Innovation is an essential ingredient to growing economies and living standards, but not for growing jobs, former Federal Reserve System Chairman Dr. Alan Greenspan said at a conference on innovation and technology in Washington this morning.

In a wide-ranging set of remarks, Greenspan also said that he did not think the U.S. economy would slip into a double-dip recession, but that underlying uncertainty among corporations and households and mounting concerns about the ability of European banks to deal with sovereign debts is having a direct effect on productivity growth.

He also expressed concern that productivity is also being hurt by the reversal of generational gains in educational achievement in the U.S. and an immigration policy that severely limits the number of well educated workers coming into the country each year.

“There are so many ways (the H1B Visa policy) is wrong,” he said. “My view is: Anyone (coming to this country) who gets a PhD ought to automatically get a green card. We absolutely need those people,” he said.

Greenspan estimated as skilled baby boomers retire, their replacement by a generation which has fallen behind in world education rankings is costing the U.S. economy “a tenth of a percent” in lower annual productivity growth.

Speaking with his usual command of how economies work, Greenspan distilled his view that innovation has a fundamental purpose in improving the welfare of nations, but that the notion that policies which promote innovation for the sake of creating jobs is misplaced.

“The measure of innovation as applied (to the marketplace) is the pickup (it produces) in productivity growth. It is proxied by output. If the purpose of innovation is to increase the ratio of GDP, or some other measure, by hours worked, then you’re really trying to constrict the number of hours worked,” he said, and by extension, the number of jobs.

“Innovations, going back to age of enlightenment…and the industrial revolution, were always an issue of how to leverage peoples’ work into more output,” he said.

“What innovation cannot be about is how do you create jobs,” he said. It is only when technologies and innovation “decrease unit and labor costs (and allow) companies to expand” that companies and a nation can hire more people. “There’s no way of getting around that syllogism that I’m aware of,” he said.

What will help promote jobs, he said, is less uncertainty.

“It’s very easy to demonstrate, the higher the degree of certainty by corporations and households,” the more they will be inclined to make long term investments.

Long term investment sentiment is at its lowest levels since the 1940s, he said. And unlike past recoveries over the past 50 years, residential and non-residential construction has been unable to gain traction.

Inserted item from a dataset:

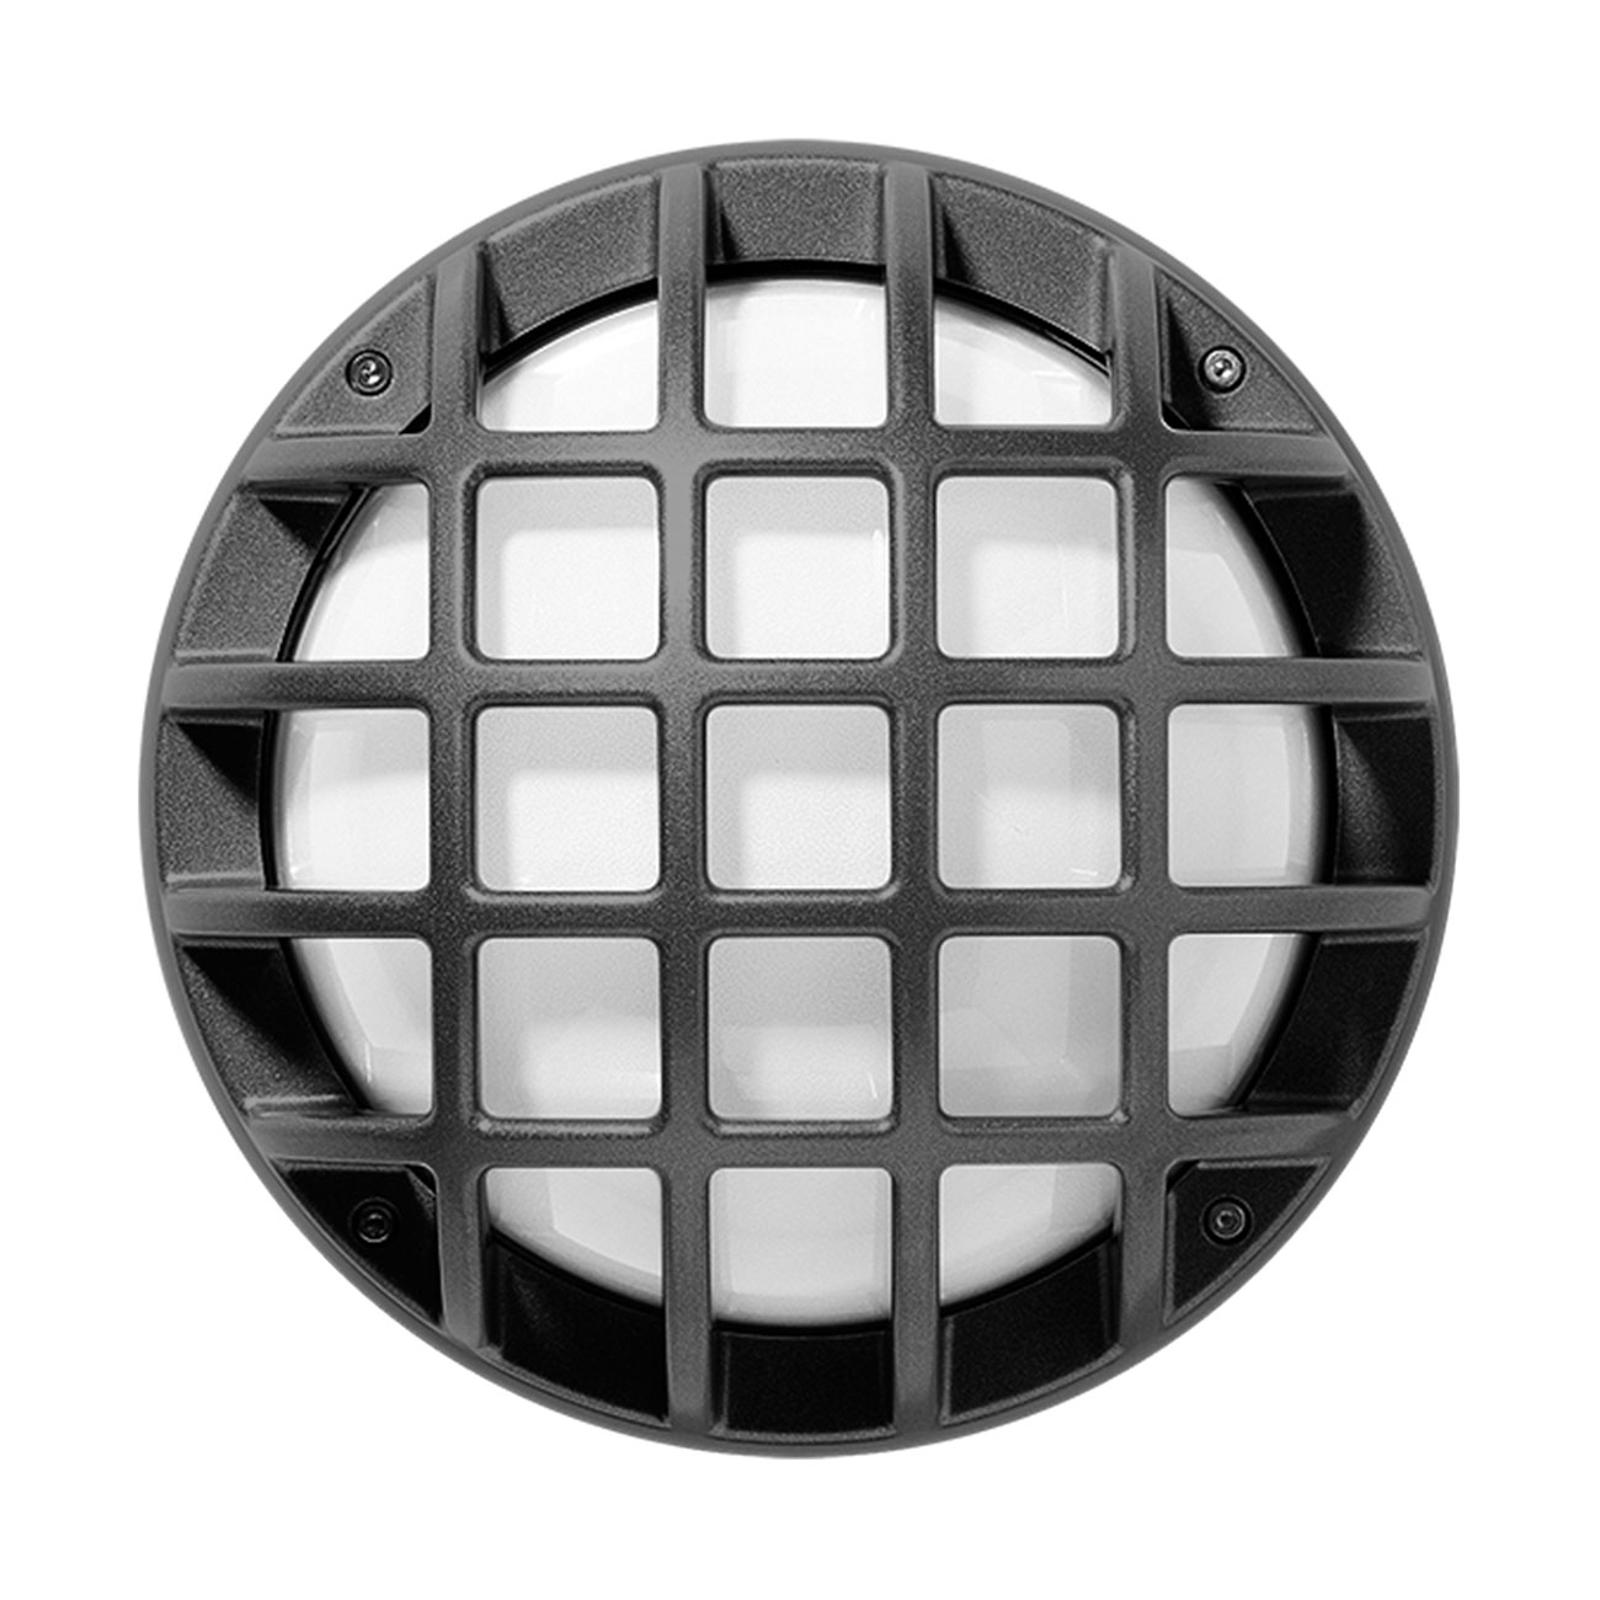 Buitenwandlamp Eko+21/G, E27, metallic antraciet
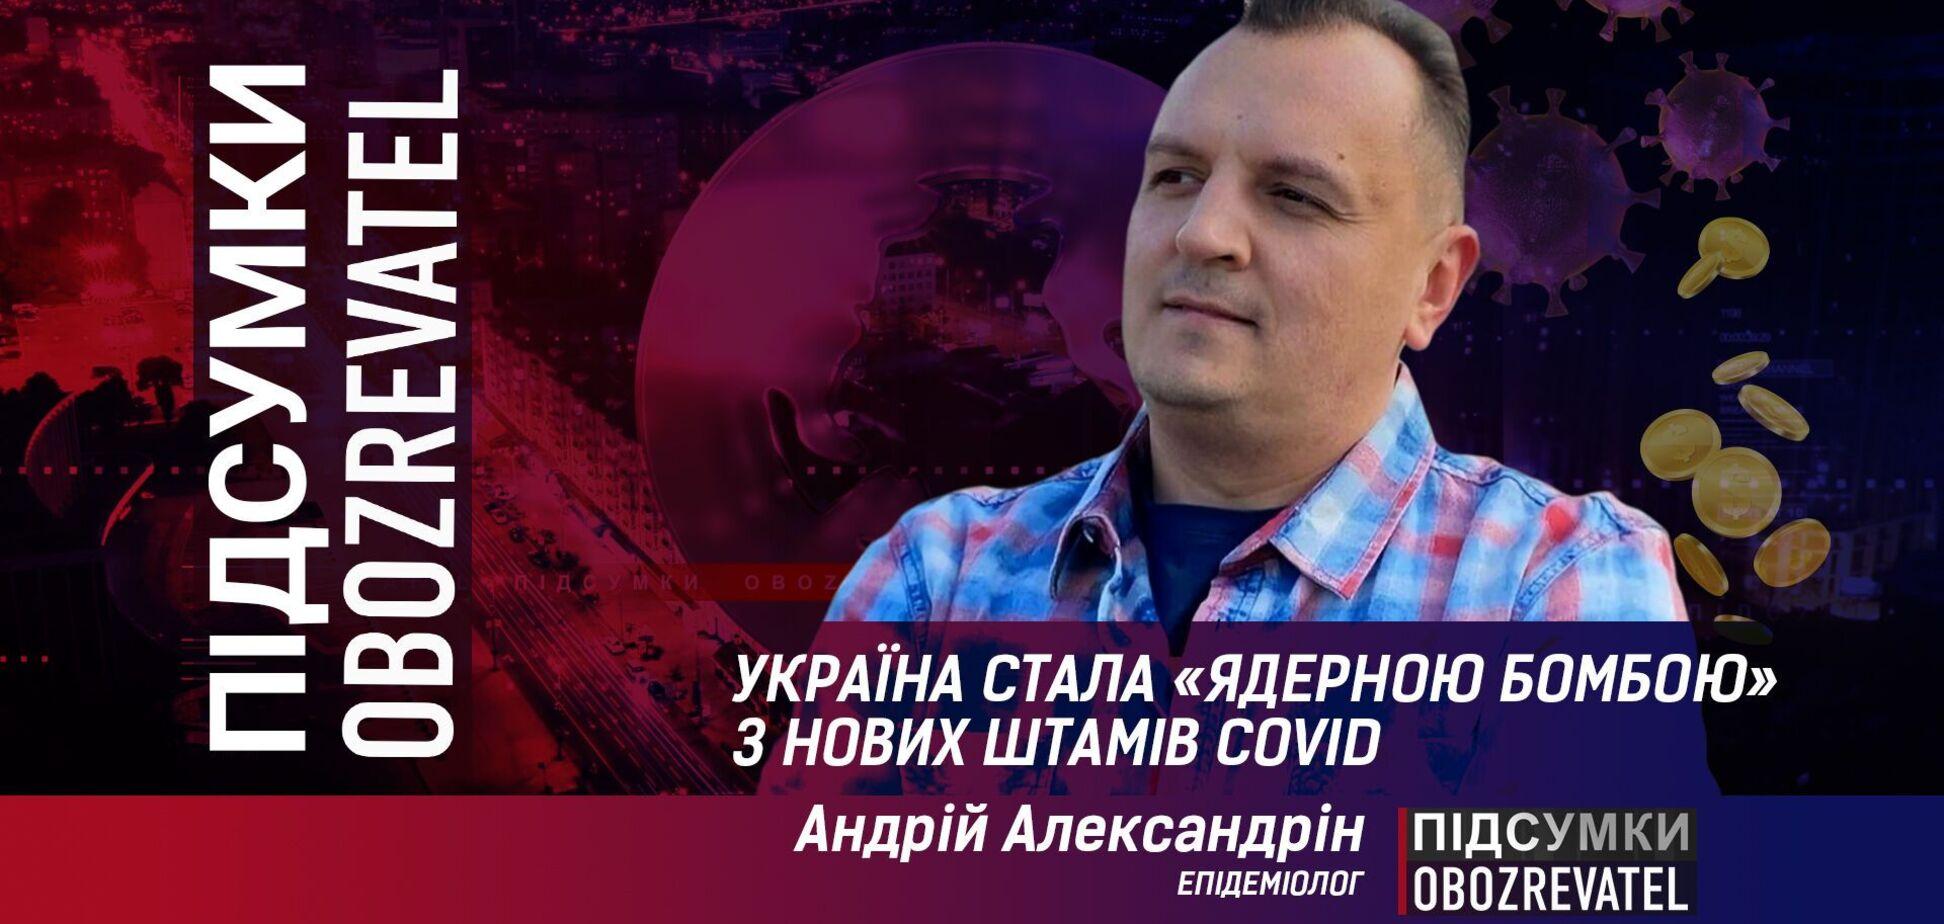 Александрин: Украина стала 'ядерной бомбой' по COVID

“This means we’re dealing with a situation, where, if we excluded long term assets (investments of 20 years or longer, such as buildings) we get a rate of growth a percentage point or more than the published number,” he said.

That extra percentage point would translate into a lower unemployment rate. Instead of it being 9.1 percent, it would be “something like 6 percent, or maybe lower,” he said.

Greenspan, who spoke at the Innovation Nation Forum, hosted by MeriTalk, also addressed growing concerns over the near term future of the European economy, noting that the cultural differences between northern and southern Europe, and their respective views on debt and inflation are putting real strains on the 17-nation alliance of nations using the Euro. Those concerns have a direct impact on U.S.-based multi-national corporations, he said, with sizable stakes in Europe’s economy.